■ Task description ■
Pictures in the records below must be left out. Return exactly the lines from the line with "oxemberg-men-mid-rise-slim-fit-lean-clean-look-heavy-fade-jeans" to the line with "una persona seduta", both included.

■ The records ■
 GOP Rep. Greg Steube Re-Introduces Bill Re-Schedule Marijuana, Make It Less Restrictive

* * *

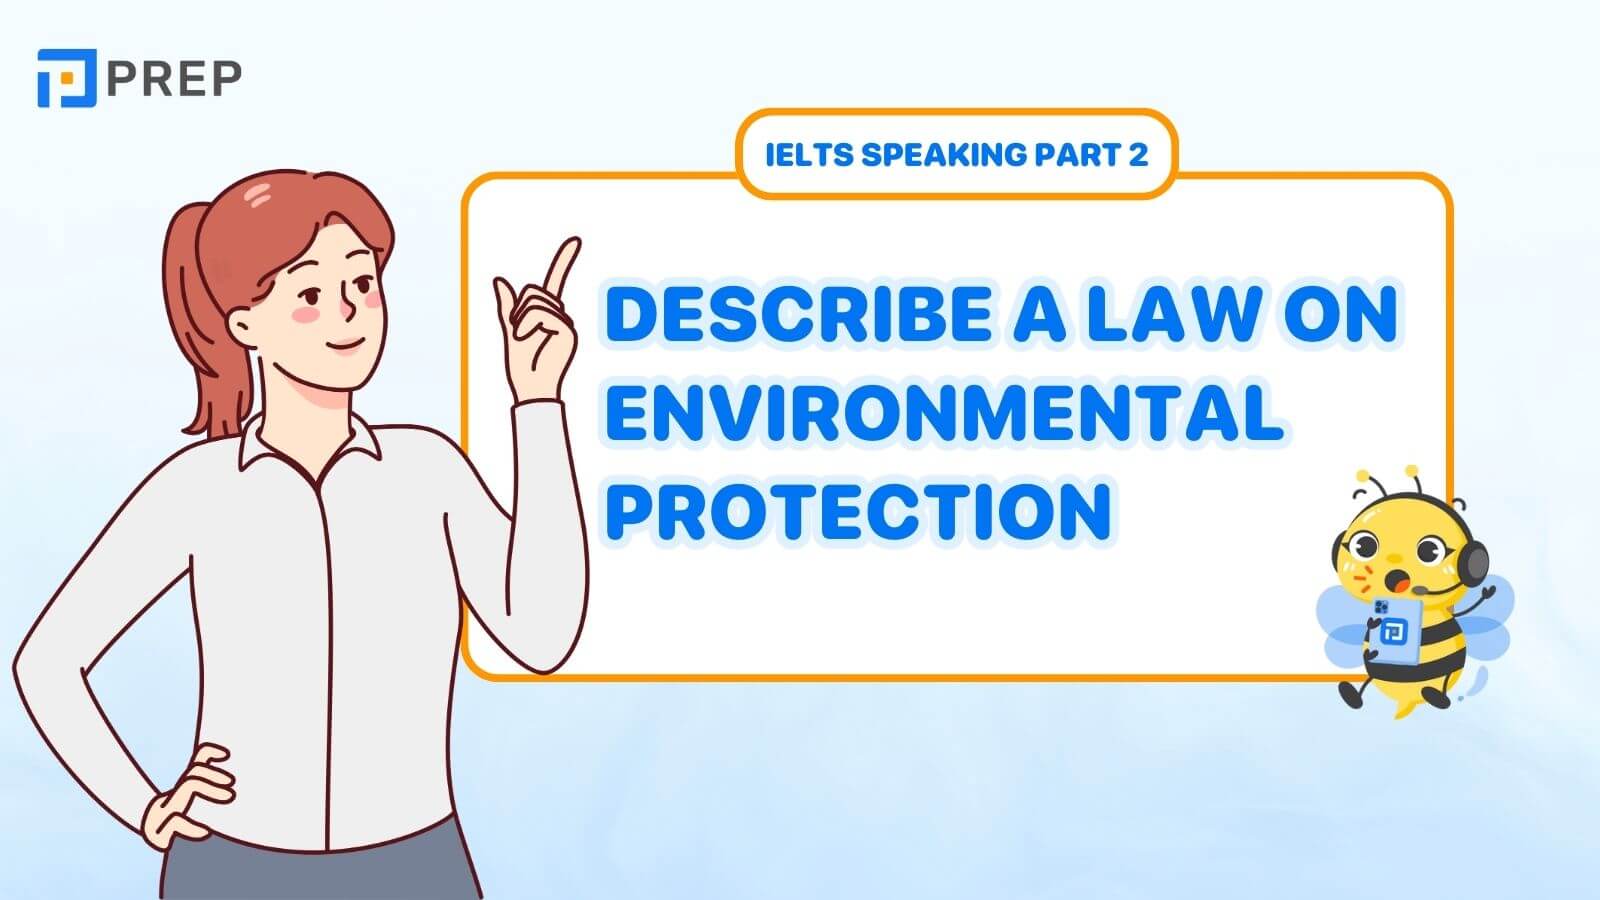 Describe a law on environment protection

--

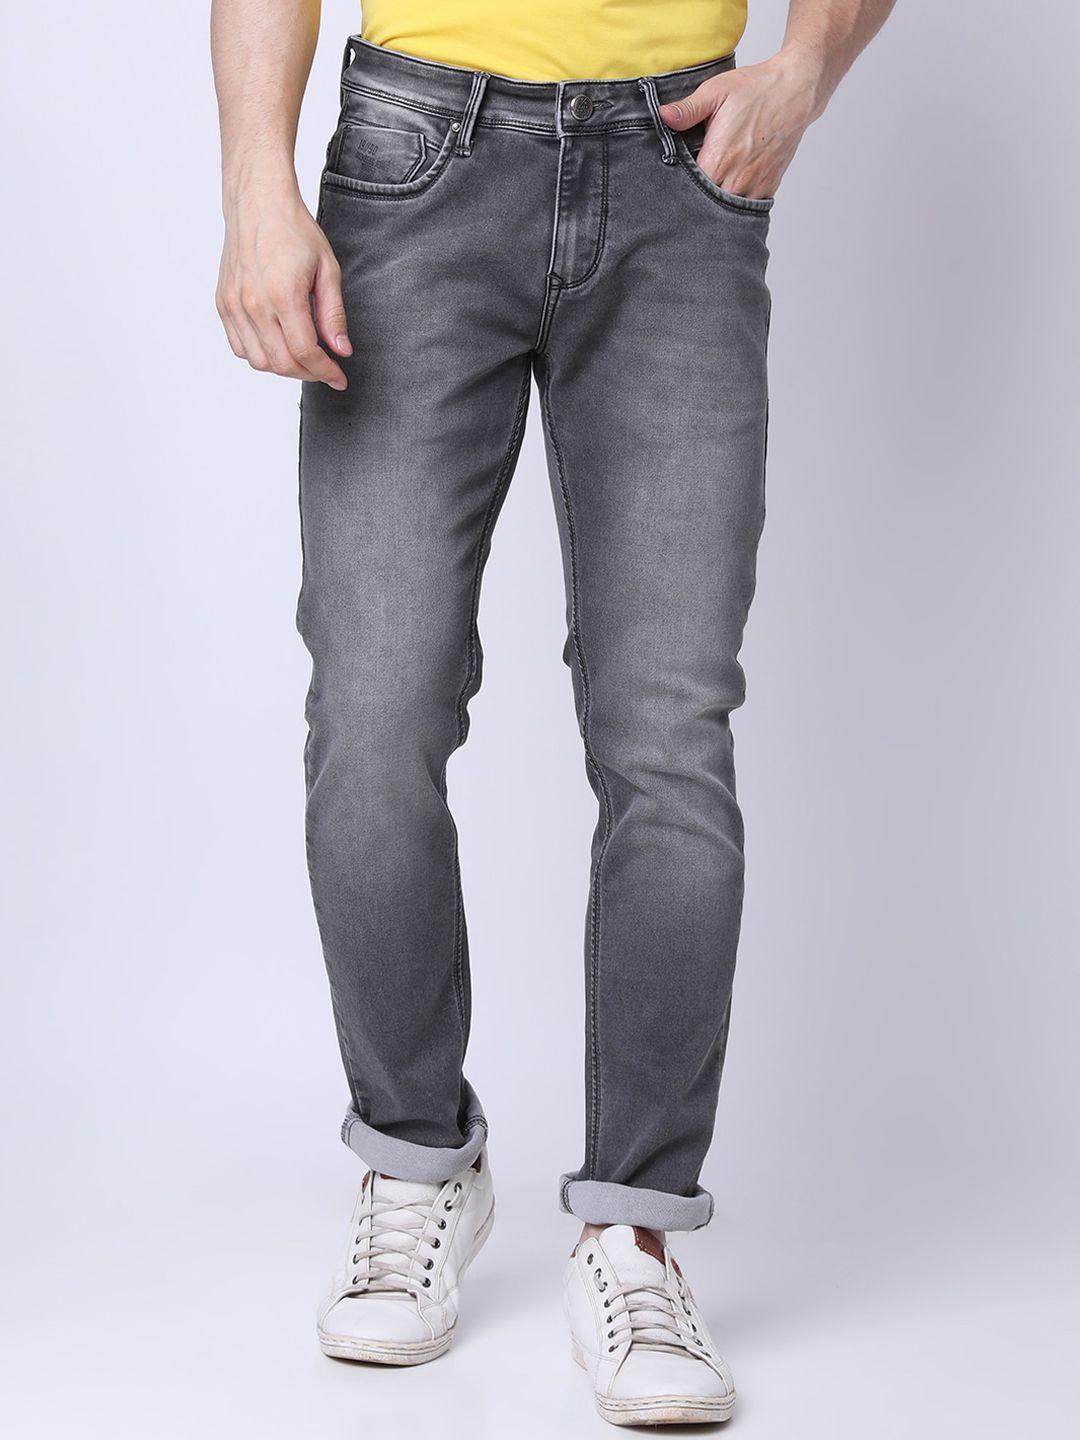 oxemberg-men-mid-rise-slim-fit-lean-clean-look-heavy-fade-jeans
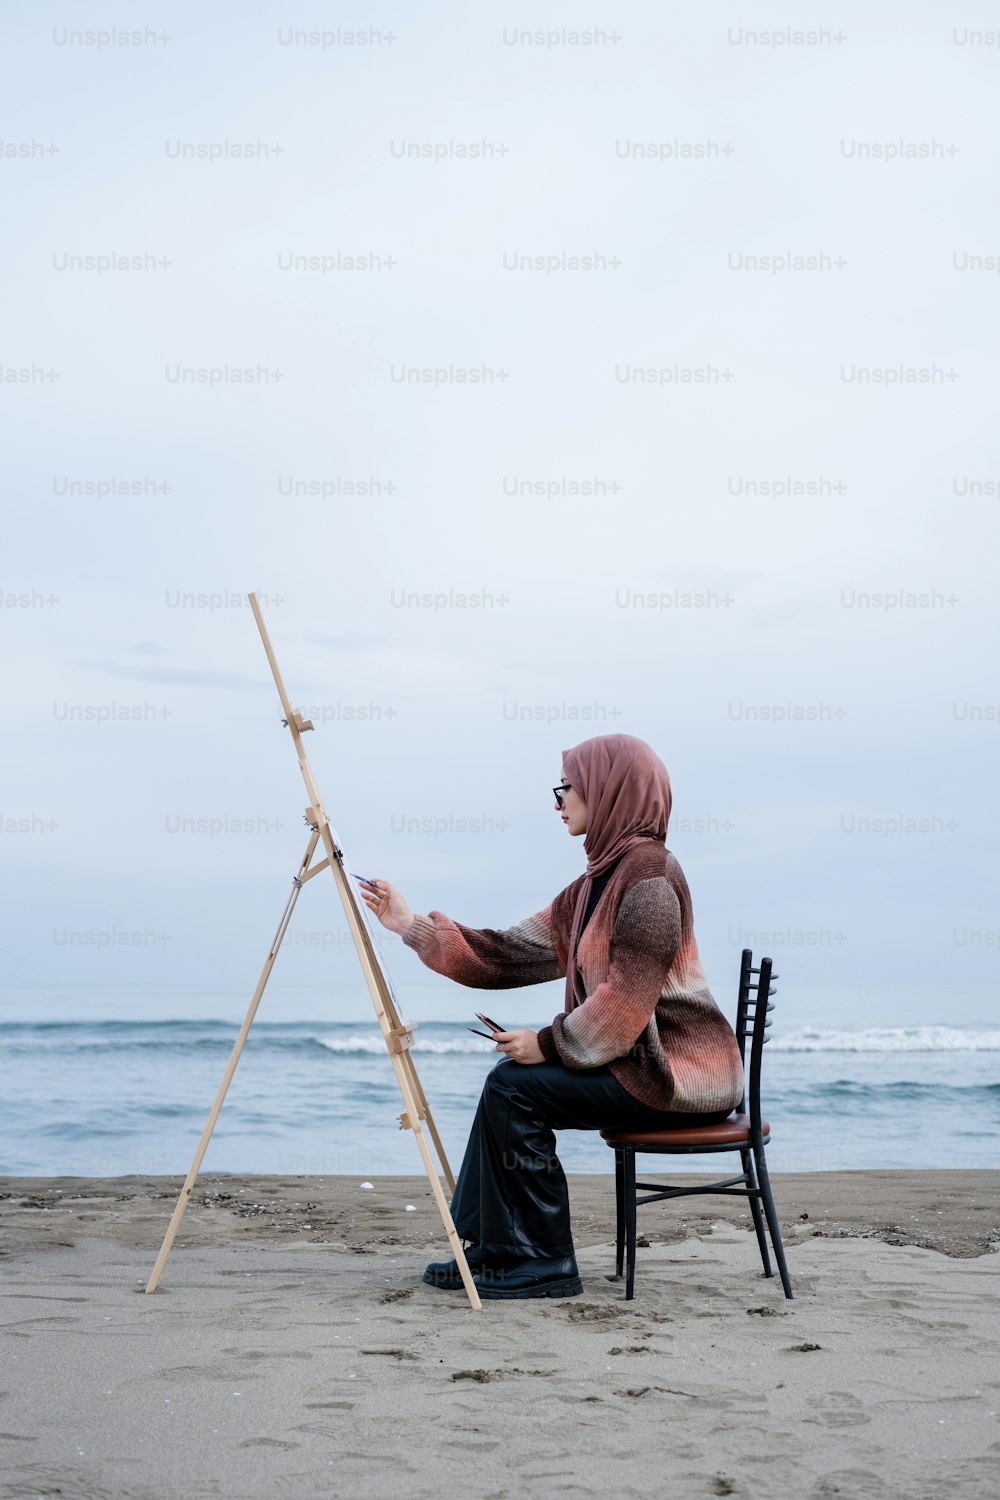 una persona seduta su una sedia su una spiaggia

■ Answer box ■
 oxemberg-men-mid-rise-slim-fit-lean-clean-look-heavy-fade-jeans
 una persona seduta su una sedia su una spiaggia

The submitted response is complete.